** Opening SUPPLIED MATERIAL block **

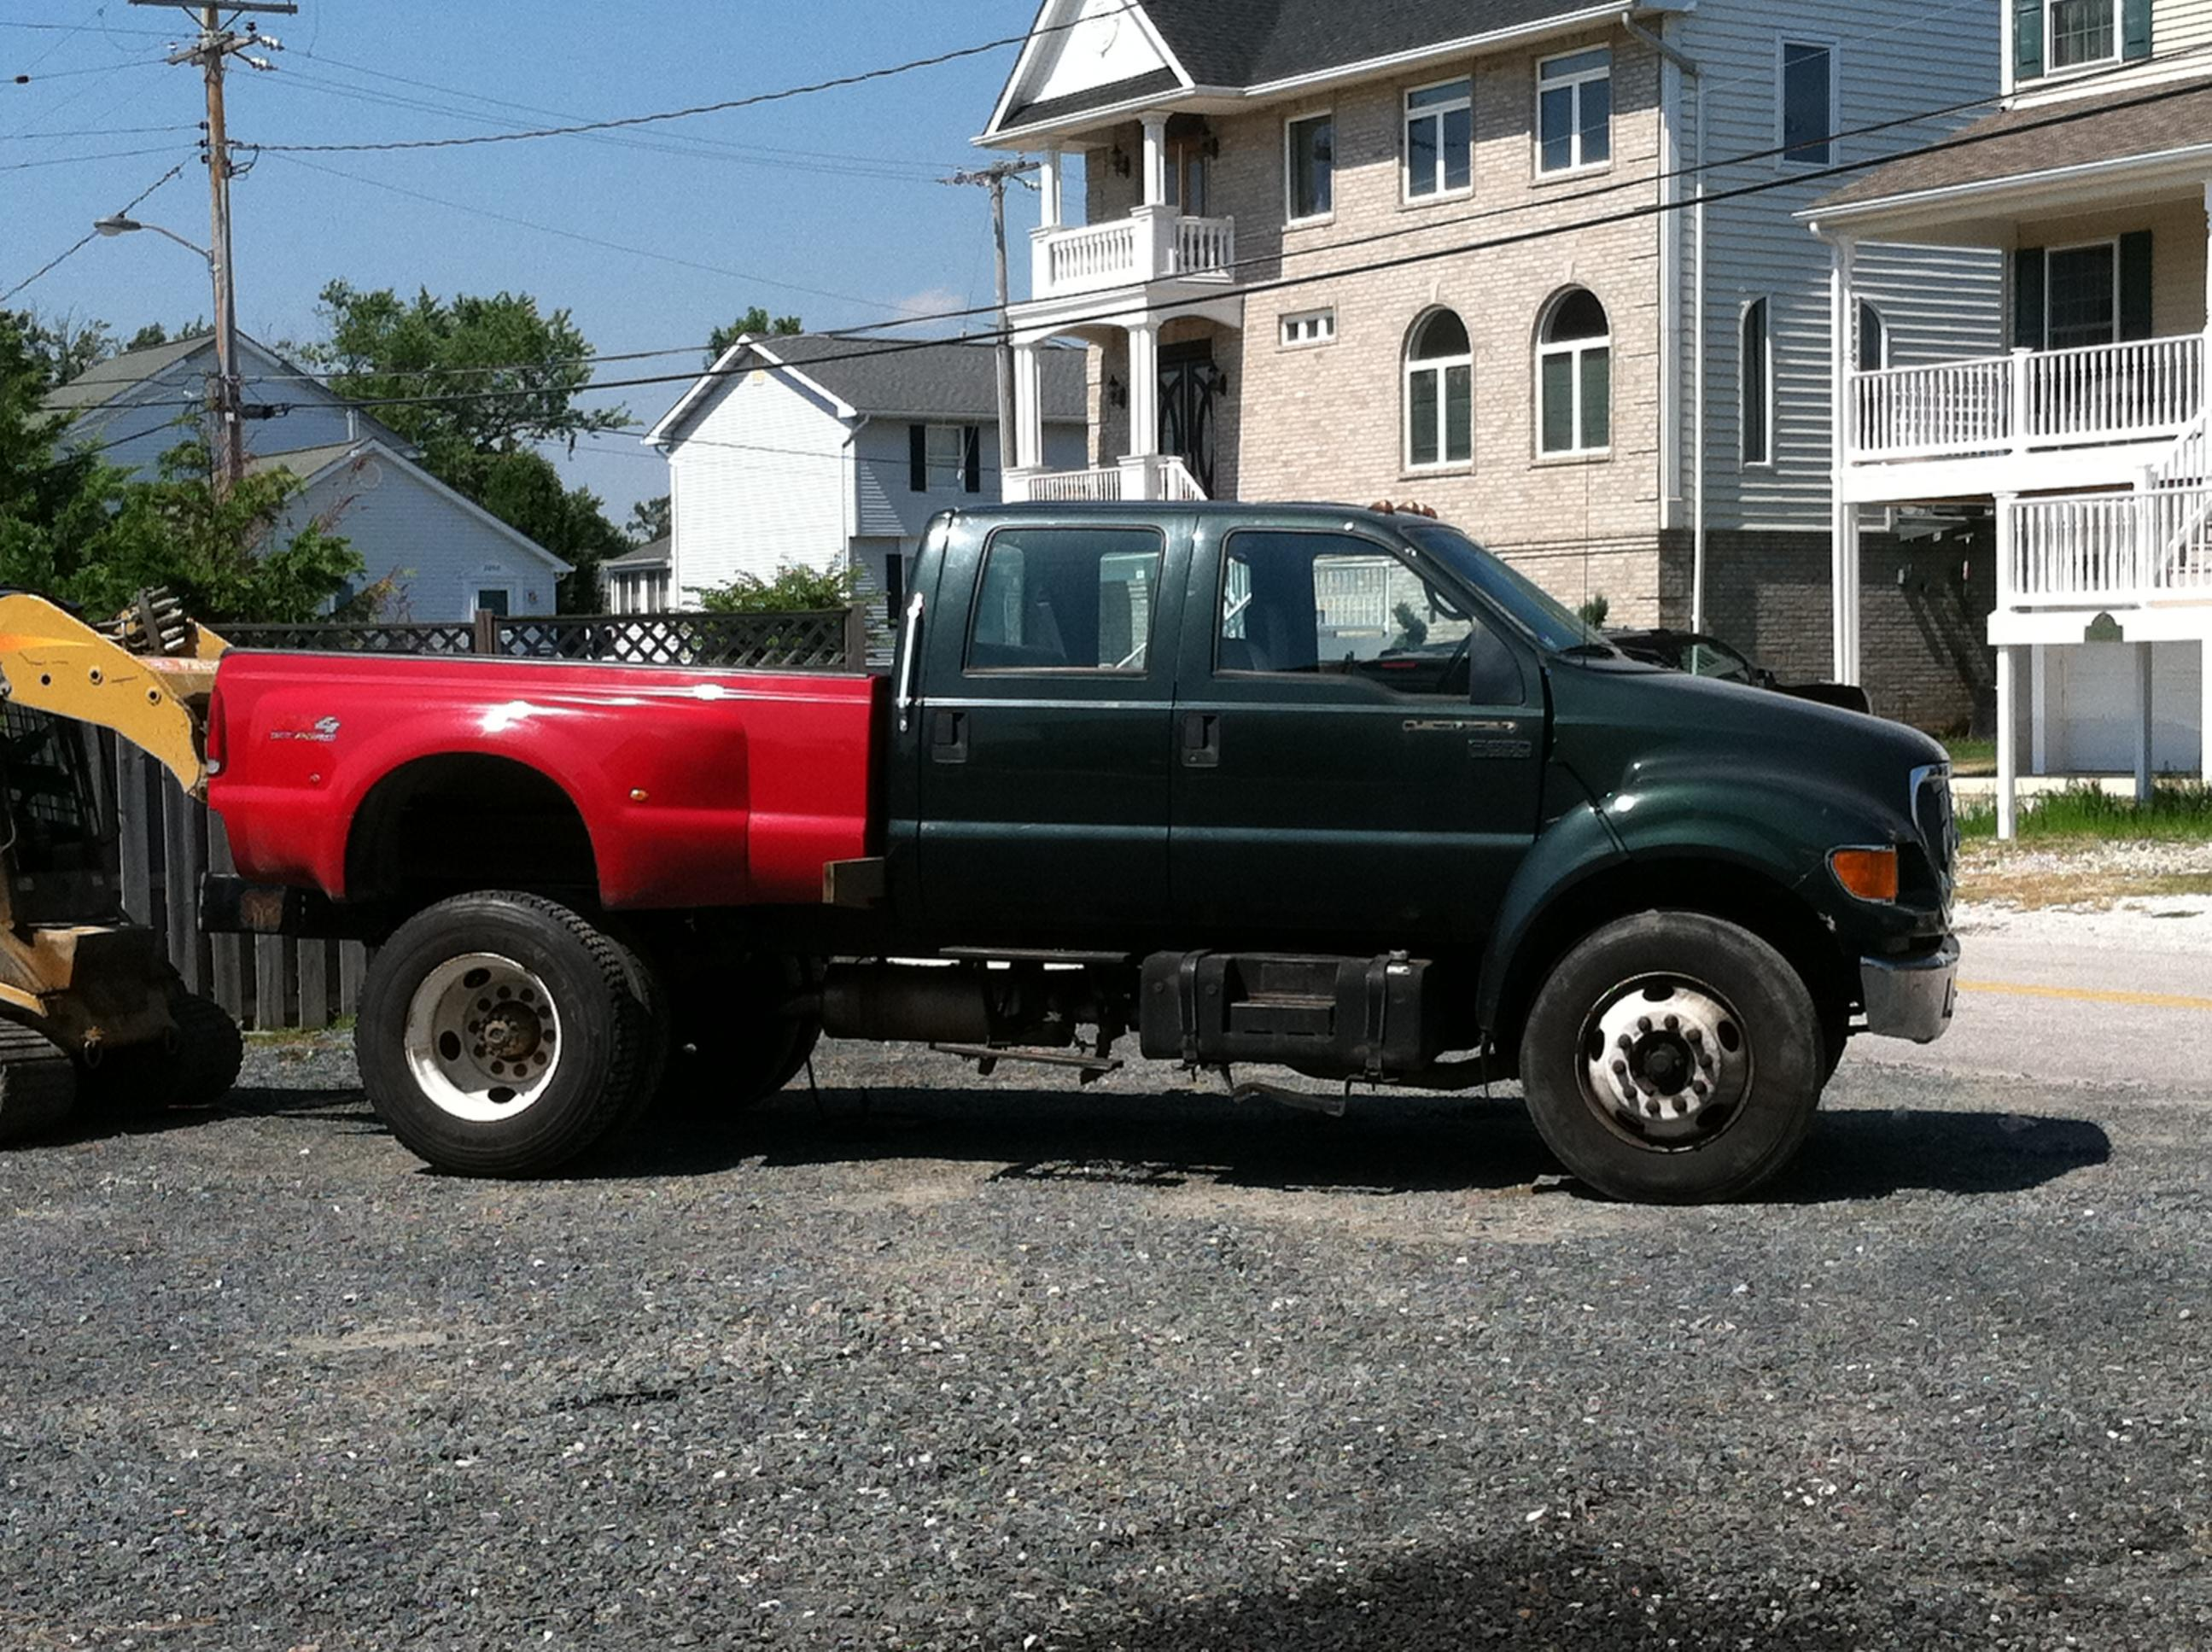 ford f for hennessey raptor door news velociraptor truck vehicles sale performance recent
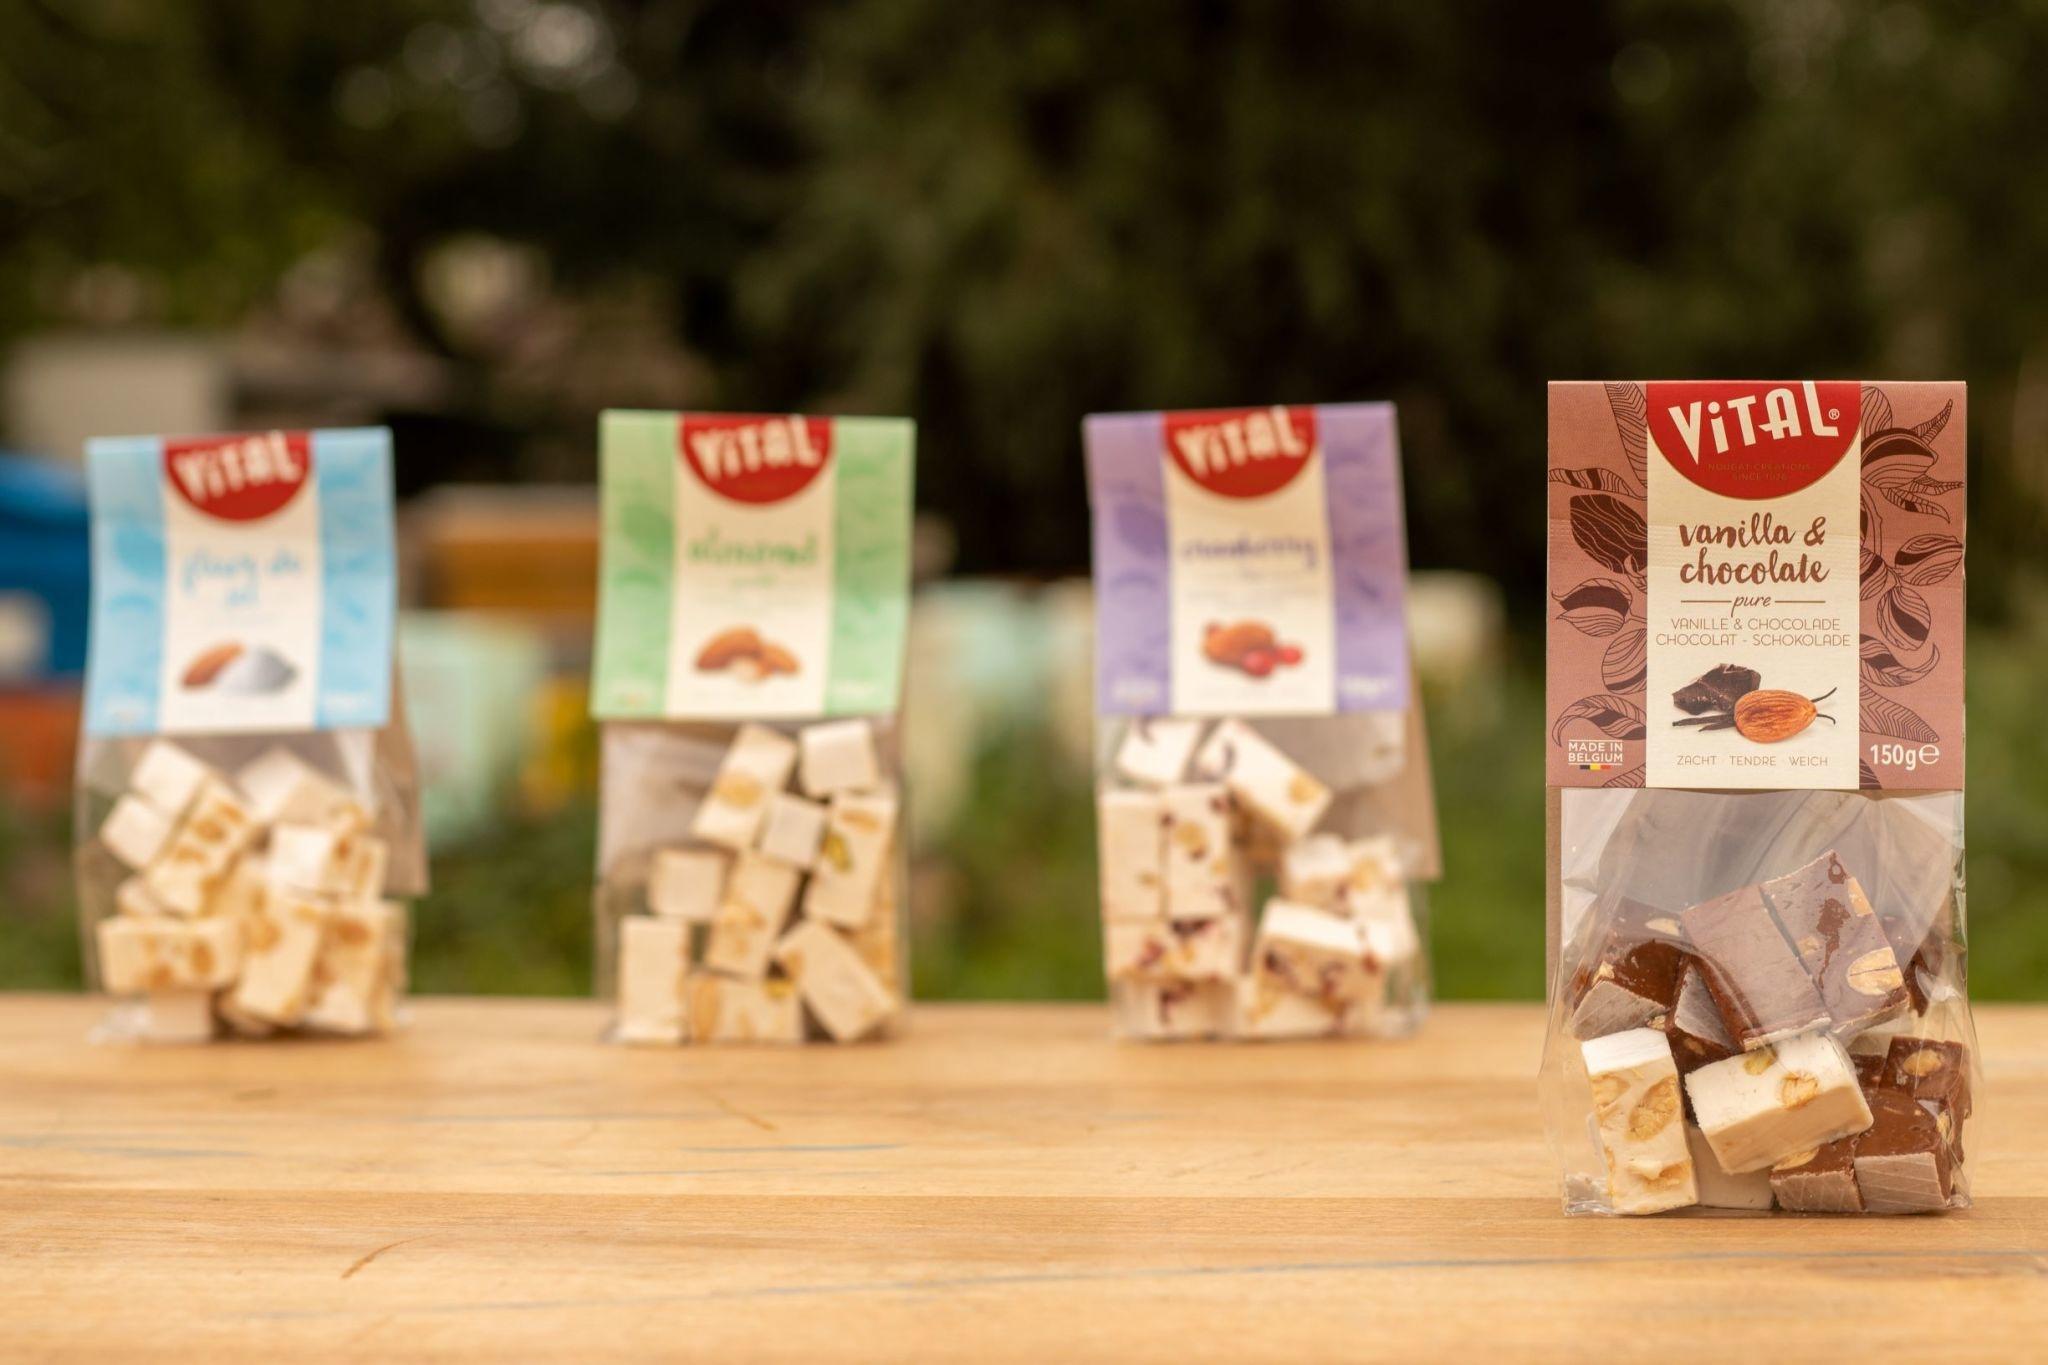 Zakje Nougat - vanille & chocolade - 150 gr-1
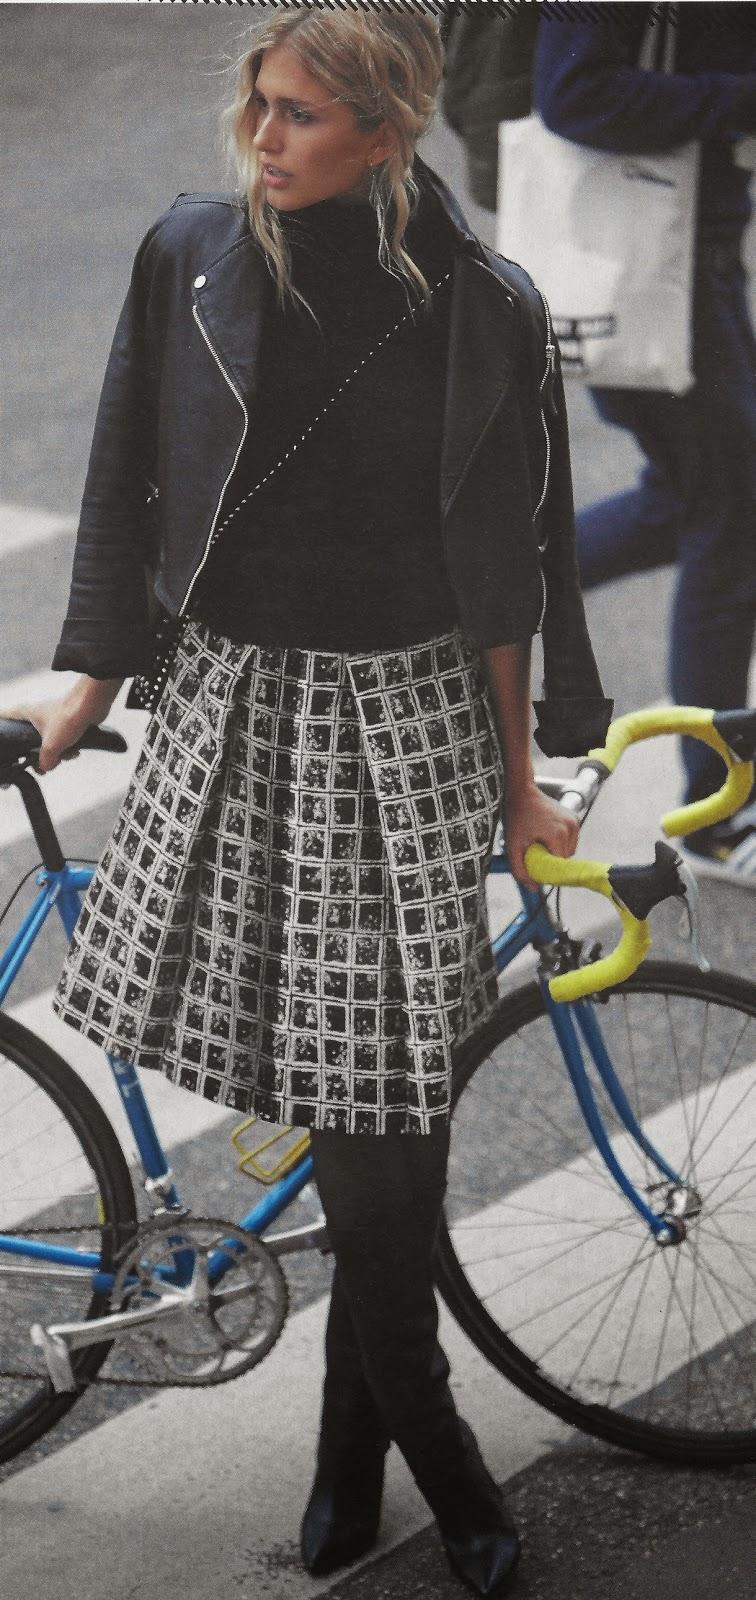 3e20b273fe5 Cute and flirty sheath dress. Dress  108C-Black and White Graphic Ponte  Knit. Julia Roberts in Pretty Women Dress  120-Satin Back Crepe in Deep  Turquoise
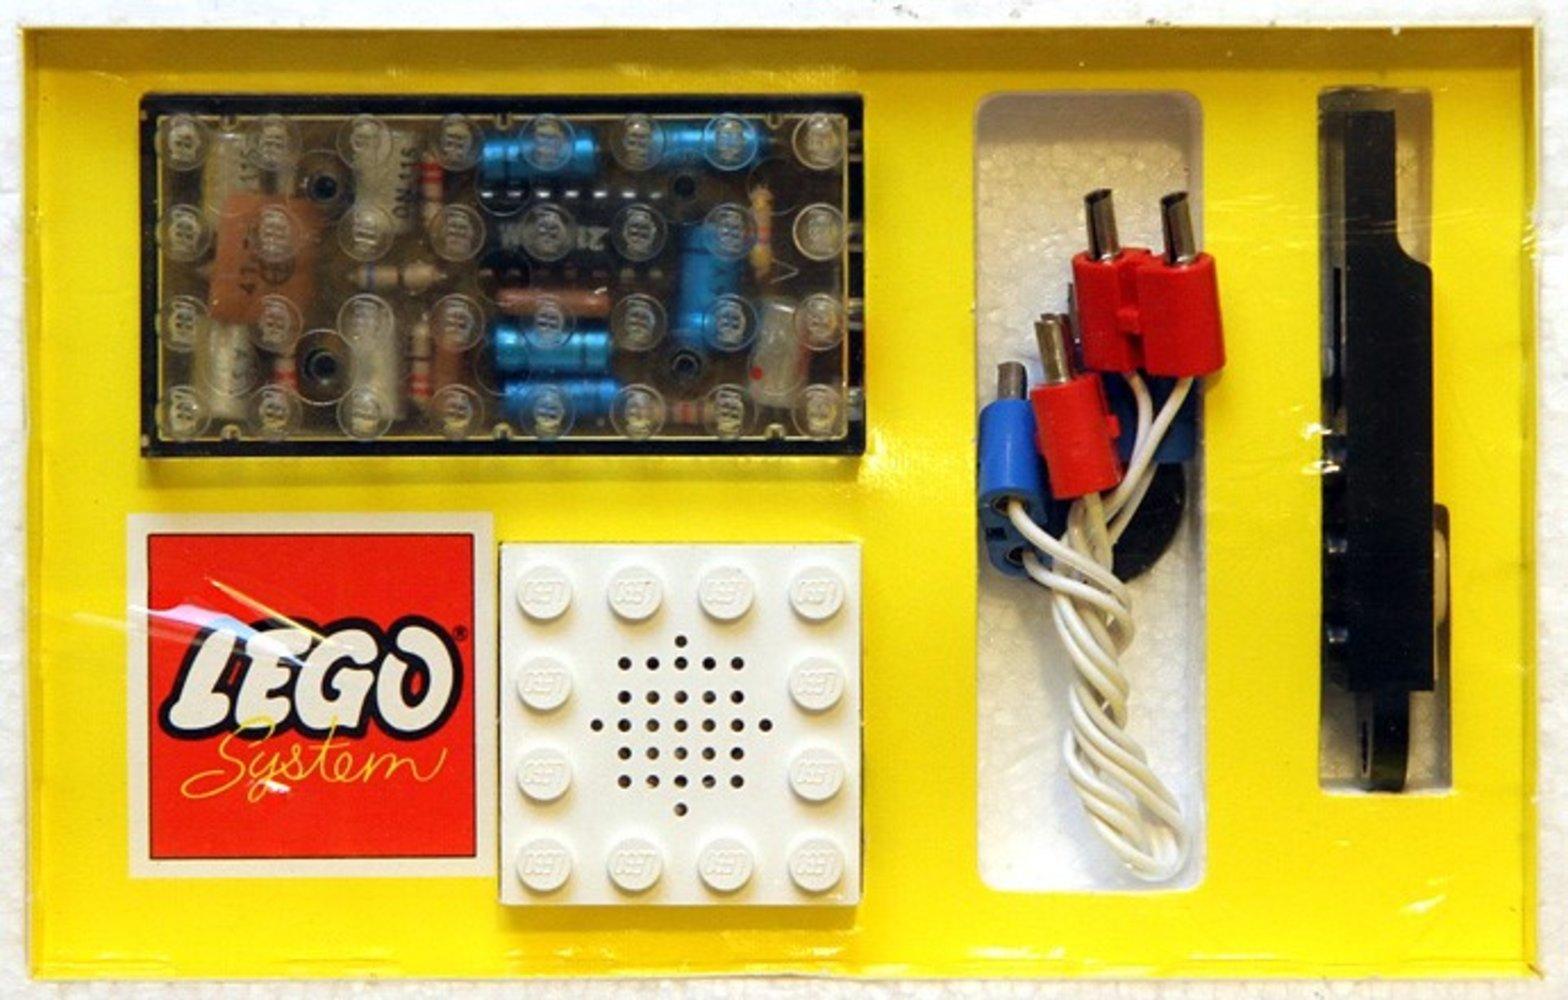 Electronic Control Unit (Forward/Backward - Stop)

** Closing SUPPLIED MATERIAL block **

Could you reproduce all of the material exactly? Keep the pictures out of it.

 ford f for hennessey raptor door news velociraptor truck vehicles sale performance recent
 Zakje Nougat - vanille & chocolade - 150 gr-1
 3e20b273fe5 Cute and flirty sheath dress. Dress  108C-Black and White Graphic Ponte  Knit. Julia Roberts in Pretty Women Dress  120-Satin Back Crepe in Deep  Turquoise
 Electronic Control Unit (Forward/Backward - Stop)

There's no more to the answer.